While plaintiff testified that Clark and Marrie decided what bills to pay until early February 2002, the two were forced out of Victory Park prior to the period at issue (the second quarter of 2002). Plaintiff testified that "in the early part of 2002 we attempted to wrangle control" from Clark and Marrie after it had been discovered in late 2001 that Victory Park had suffered huge losses for 2001 and plaintiff and her husband discovered their abuses. (Id. 66-67) Nor was Mike Campbell an authorized signator as plaintiff testified that only she and her husband were authorized to sign checks. Furthermore, as discussed above, in-house bookkeeper Greg Taylor testified regarding his practice of sending financial items and tax information to plaintiff at her house, and discussions he had regarding these matters and bill payments with plaintiff. Thus, plaintiff played a role in the system that was used to pay bills for Victory Park during the relevant period.
Plaintiff contends that she only signed checks when instructed to do so by her husband. But, as defendant points out, plaintiff had the power to refuse to sign the checks and prevent a default on the payment of taxes. In Thomas v. U.S., 41 F.3d 1109 (7th Cir.1994), the Seventh Circuit recognized that possessing check writing authority encompasses the "converse authority to refuse to write checks." Plaintiff admits she could have refused to sign the checks unless her husband agreed that the taxes could be paid. (pltf. depo. 308)
Plaintiff claims that she lacked control and was not involved in Victory Park's operations. Yet, plaintiff testified that she knew the withholding taxes of Victory Park for periods in 2001 were unpaid. She knew this by going through the books and records. When she signed checks during the first three quarters of 2002, she knew the 2001 withholding taxes were unpaid. (Id. 107) She further testified that she signed two checks for $80,000 each to transfer funds to a payroll account to cover Victory Park payroll while "maybe" knowing that there were unpaid and overdue withholding taxes for the first and second quarters of 2002. In fact, plaintiff testified as to all the checks she signed during the first three quarters of 2002 that "maybe" she knew the withholding taxes had not been fully paid at the time.
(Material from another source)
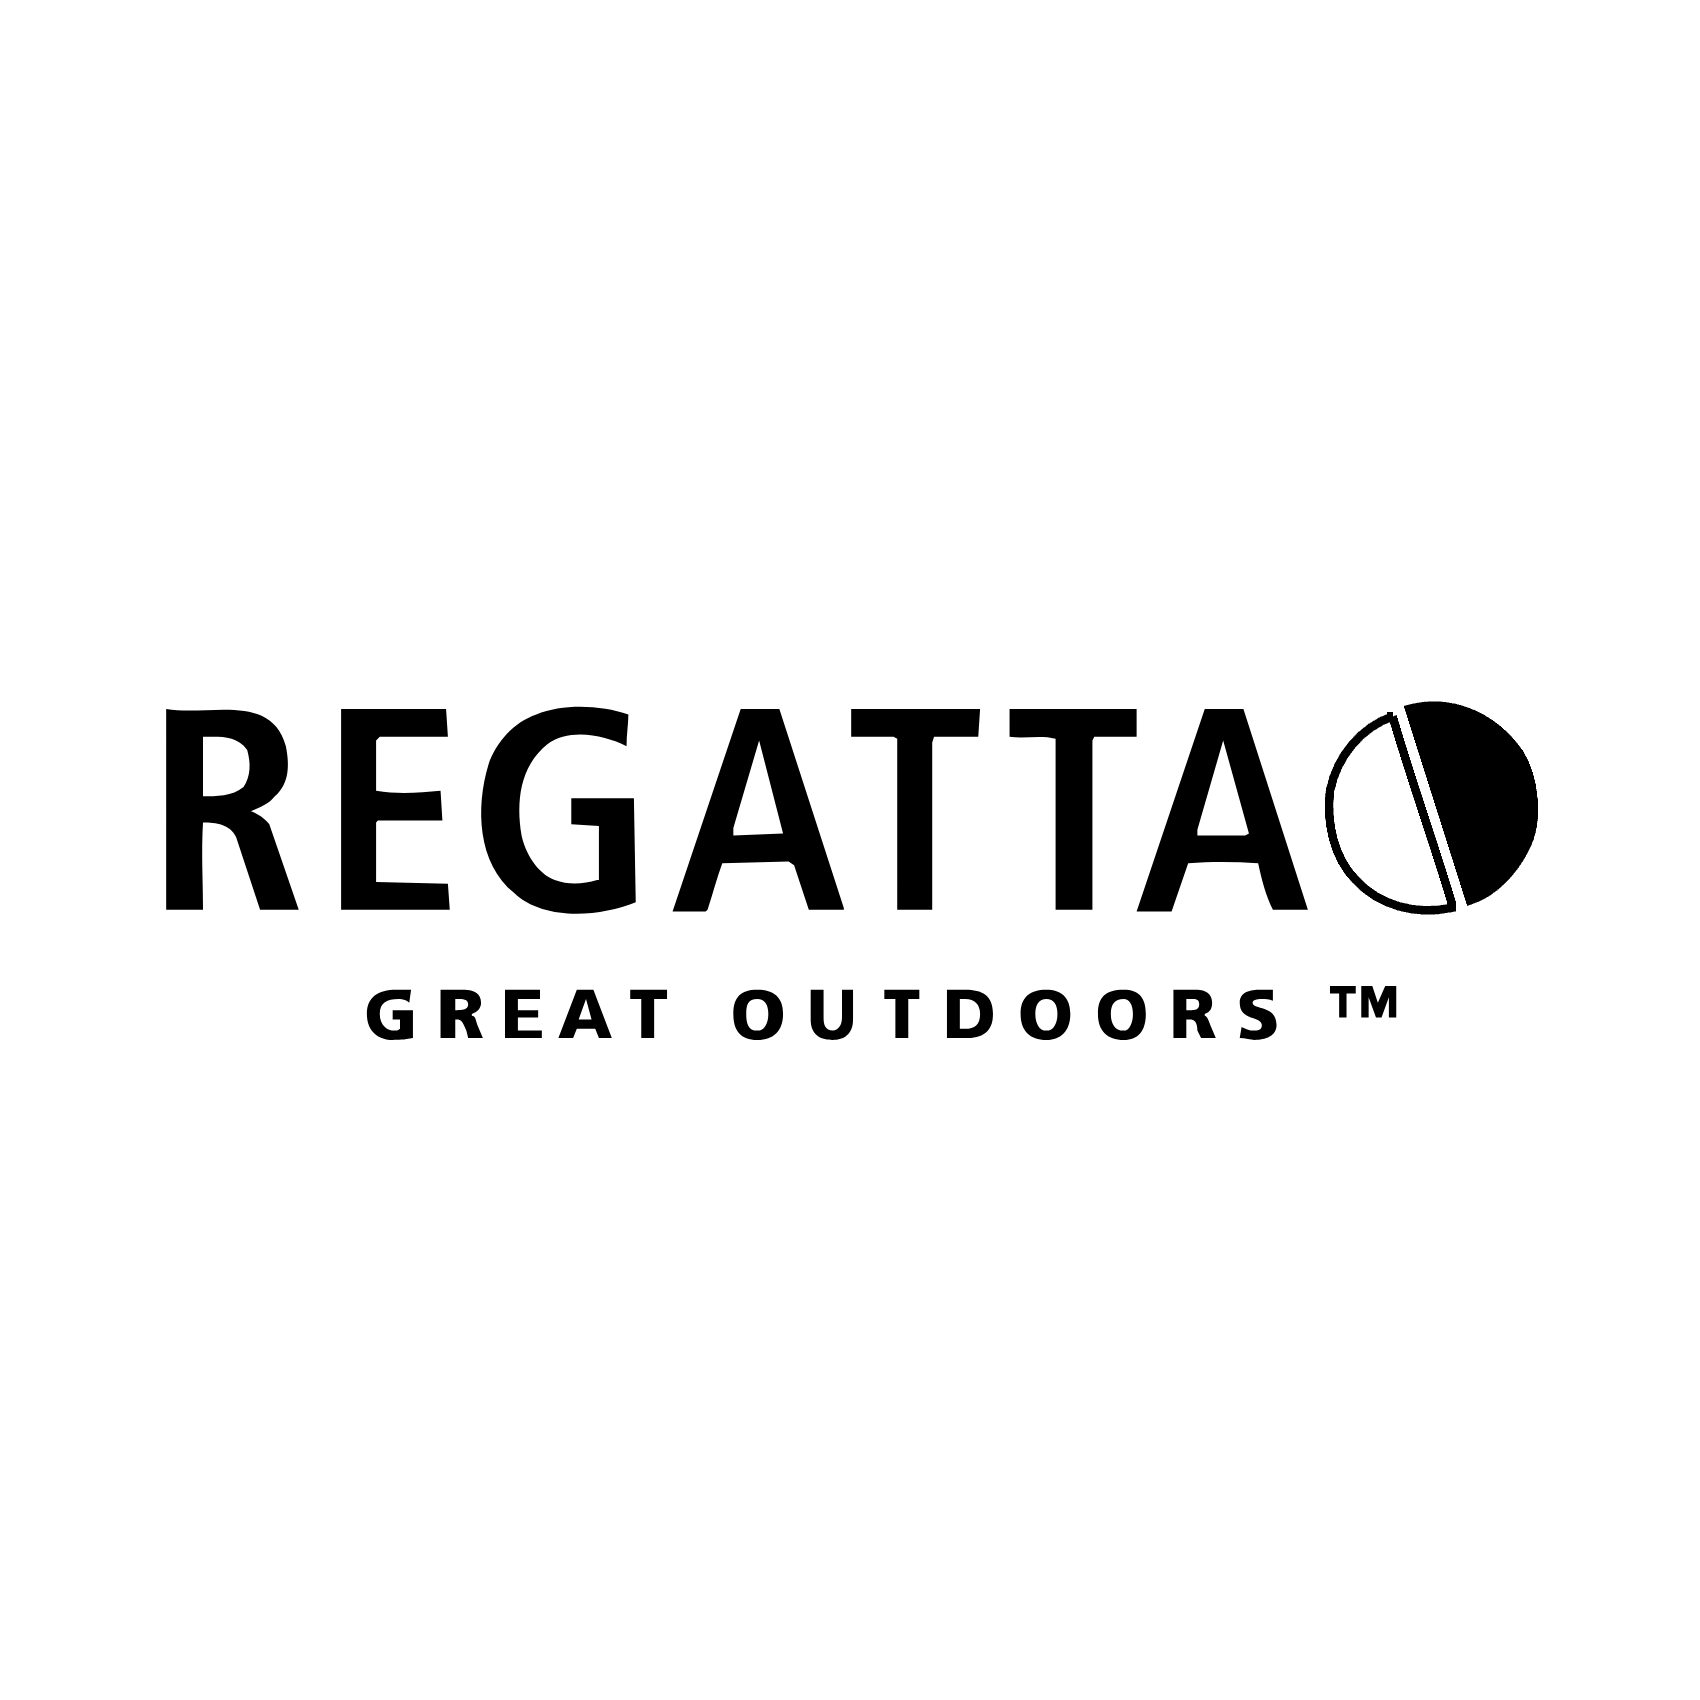 Download Regatta great outdoors Logo PNG and Vector (PDF, SVG, Ai, EPS ...

Additionally, plaintiff testified that she argued with her husband during the second quarter of 2002 about the unpaid taxes. (Id. 224-225, 244-245, 207-276)
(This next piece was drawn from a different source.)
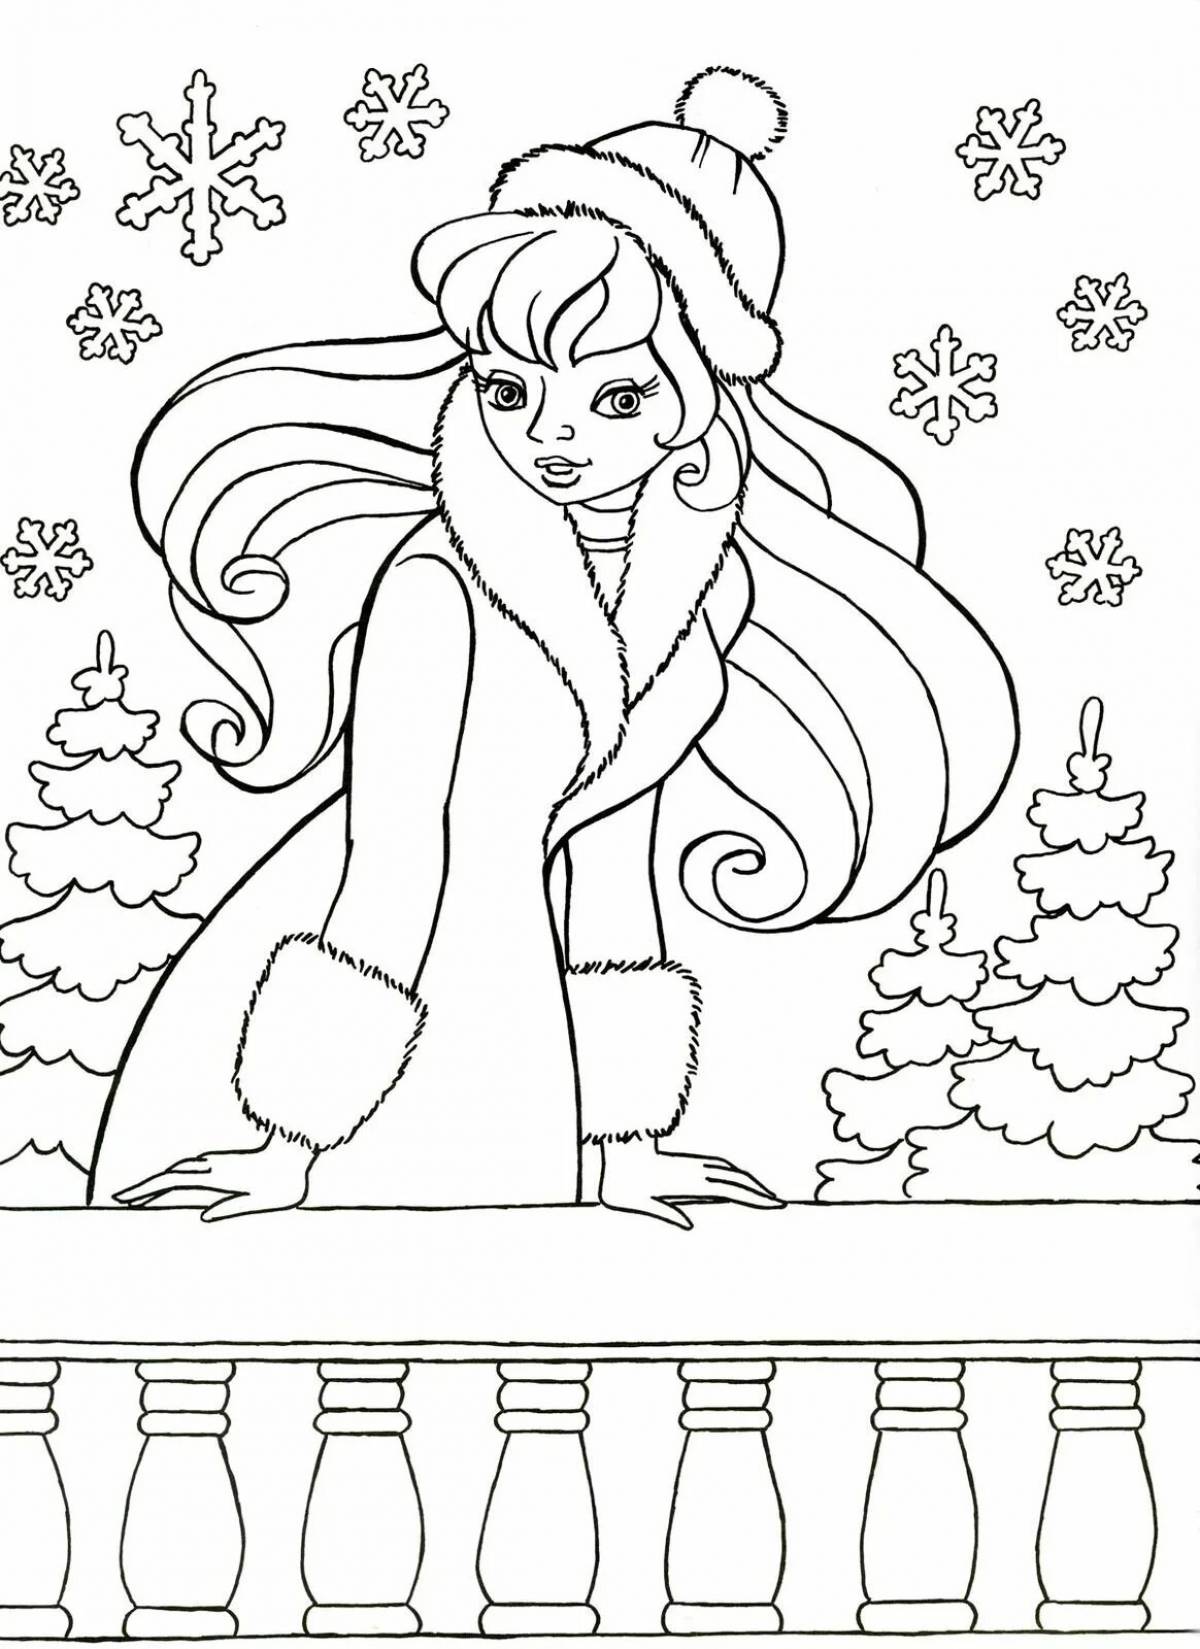 Magic Christmas coloring book for girls 8 years old

Plaintiff does not specifically dispute Greg Taylor's testimony that he and plaintiff discussed Victory Park tax matters in the first half of 2002, he forwarded copies of IRS notices regarding Victory Park unpaid withholding taxes to plaintiff during the second and third quarters of 2002, and he discussed the matter of unpaid withholding taxes with plaintiff during the second quarter of 2002. (Taylor depo. 44-45, 63-66) Defendant concedes that there is no evidence that plaintiff prepared or signed payroll checks, but points out that plaintiff testified that she worked with Greg Taylor on payroll tax records and reports. (pltf. depo. Vol I. 104-107)
When asked at deposition, "Did Mr. Taylor provide you with any notices from the IRS regarding withholding taxes?" Plaintiff responded, "I don't recall. He either provided me or Mr. Grunspan." And, "Did Mr. Taylor discuss with you perhaps by telephone any notices from the IRS regarding unpaid withholding taxes?" Plaintiff responded, "I don't recall." (pltf. depo. Vol. I 328)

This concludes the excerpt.